(Exercise goal): Starting at the line that contains "Tiburón peregrino Foto:Wikicommons", return every line through the end of the data exactly, without pictures.
Dataset section START
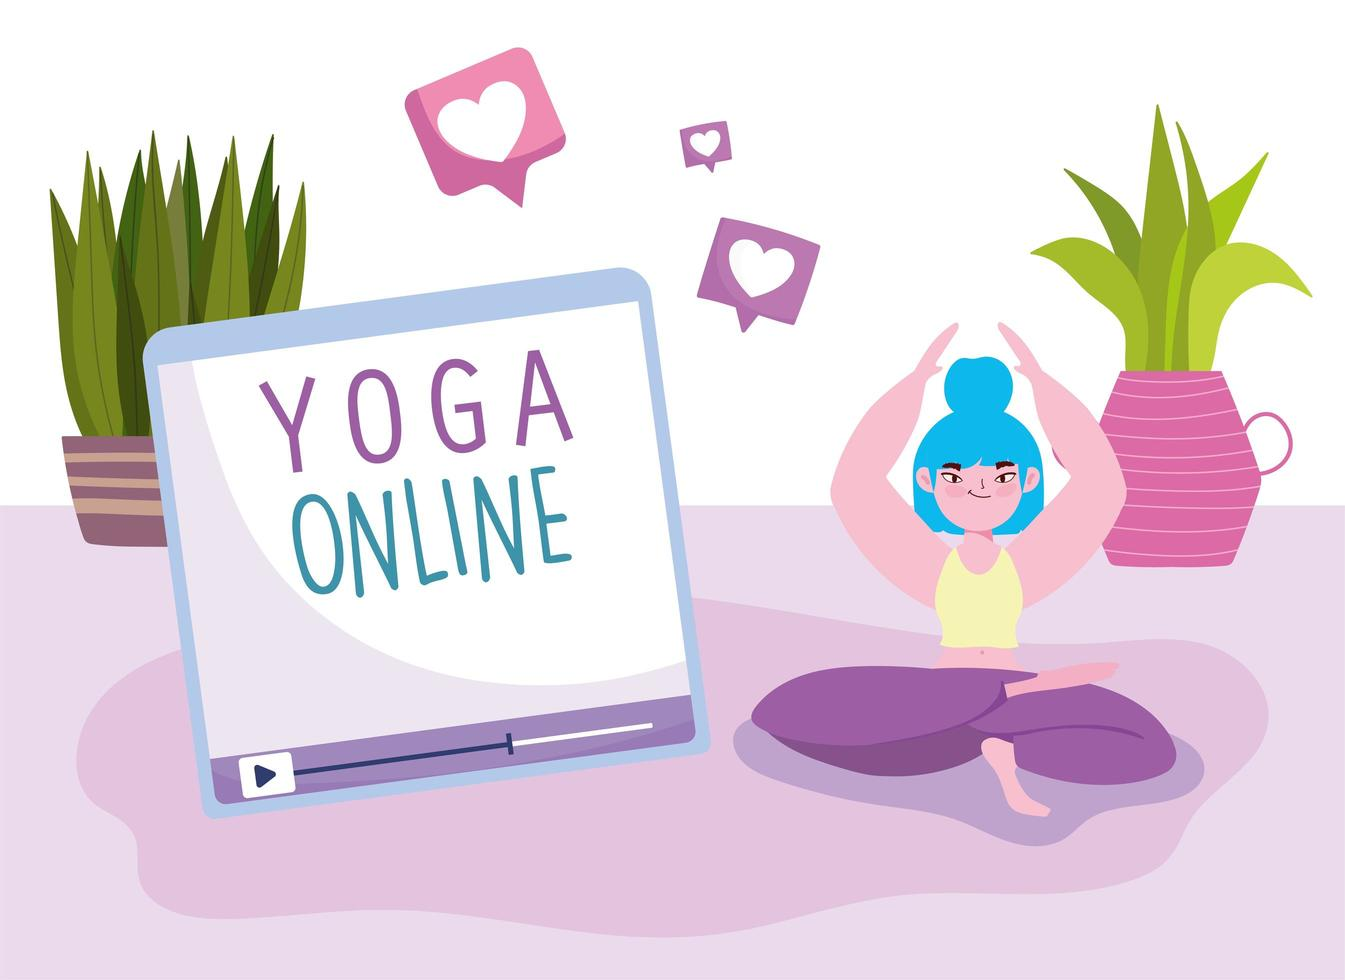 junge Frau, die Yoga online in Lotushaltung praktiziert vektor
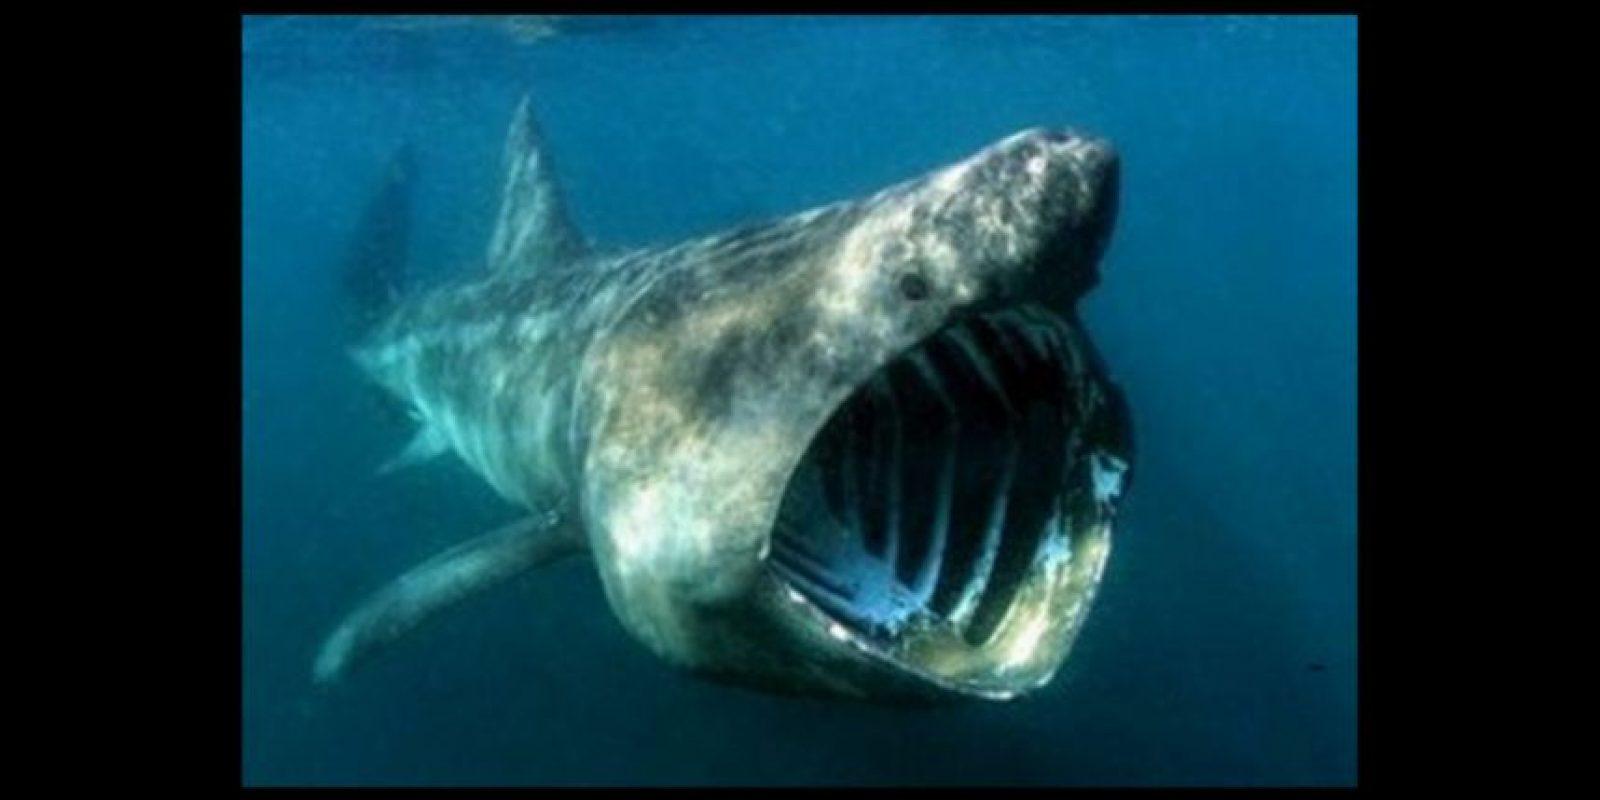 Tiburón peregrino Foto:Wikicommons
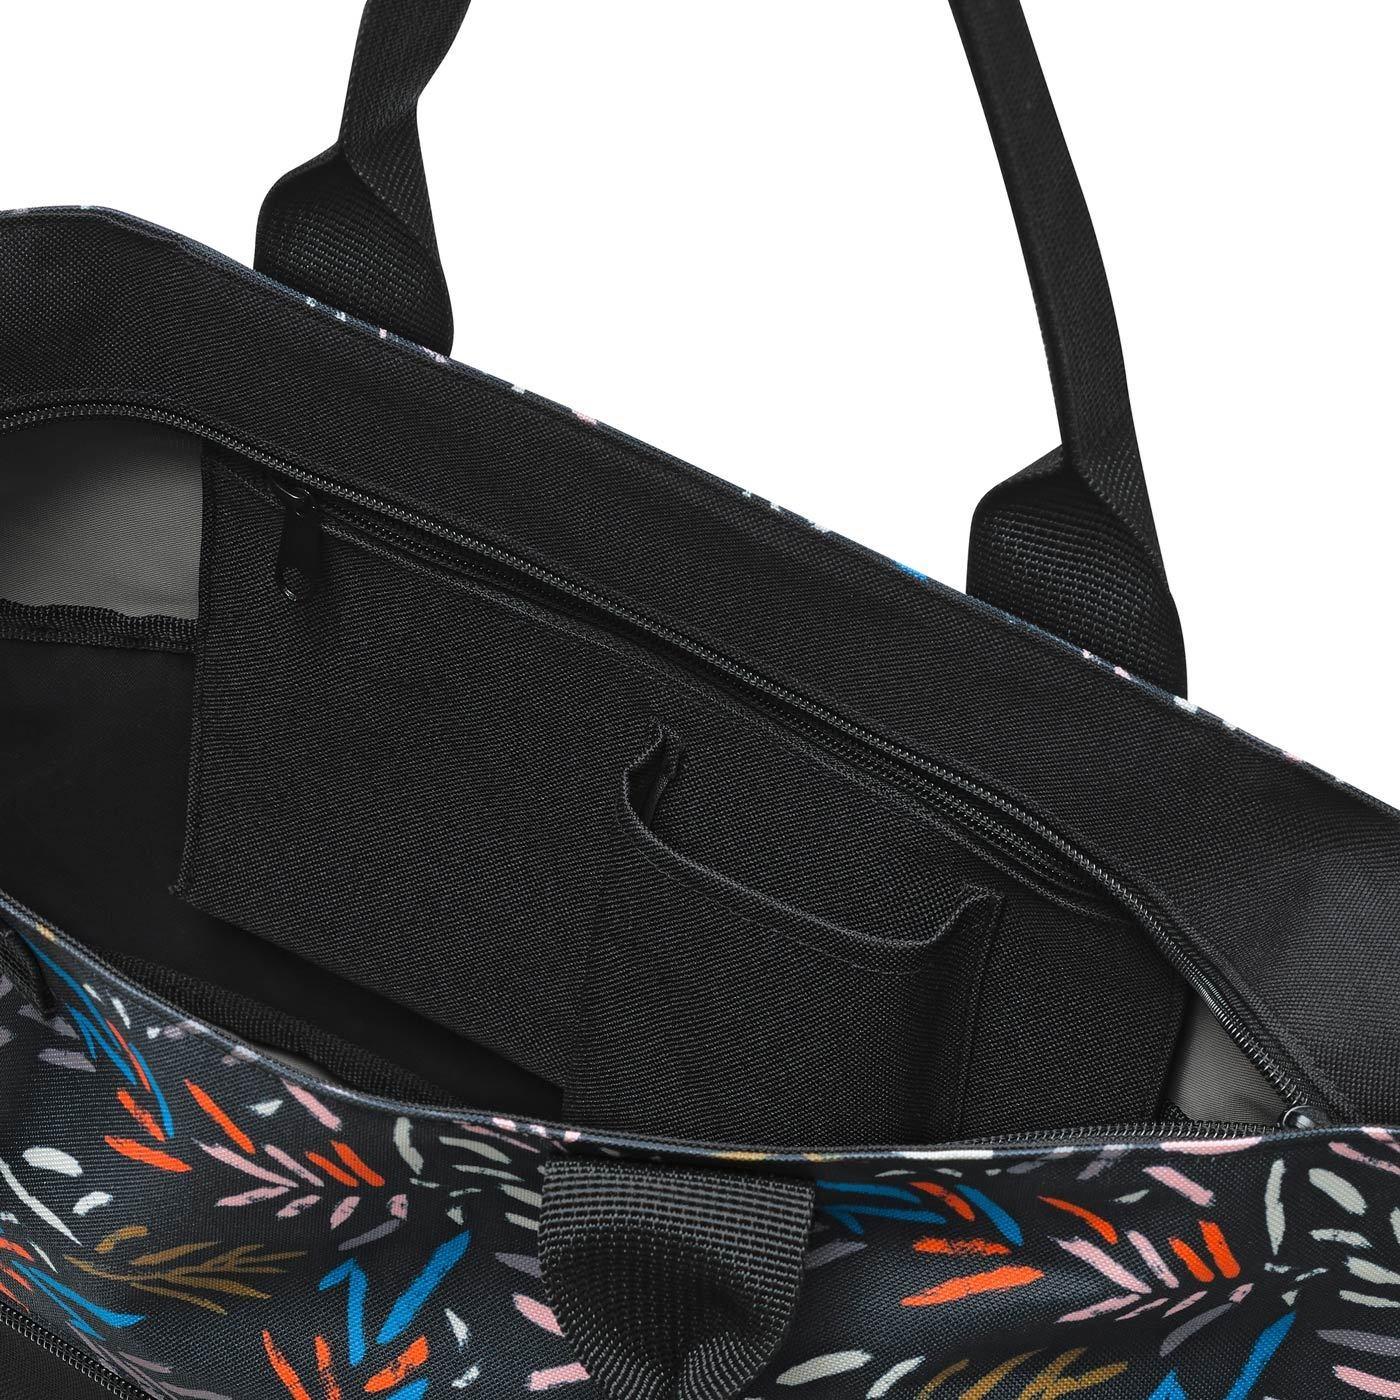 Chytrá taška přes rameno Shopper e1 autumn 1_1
Dataset section END
(Expected answer):
 Tiburón peregrino Foto:Wikicommons
 Chytrá taška přes rameno Shopper e1 autumn 1_1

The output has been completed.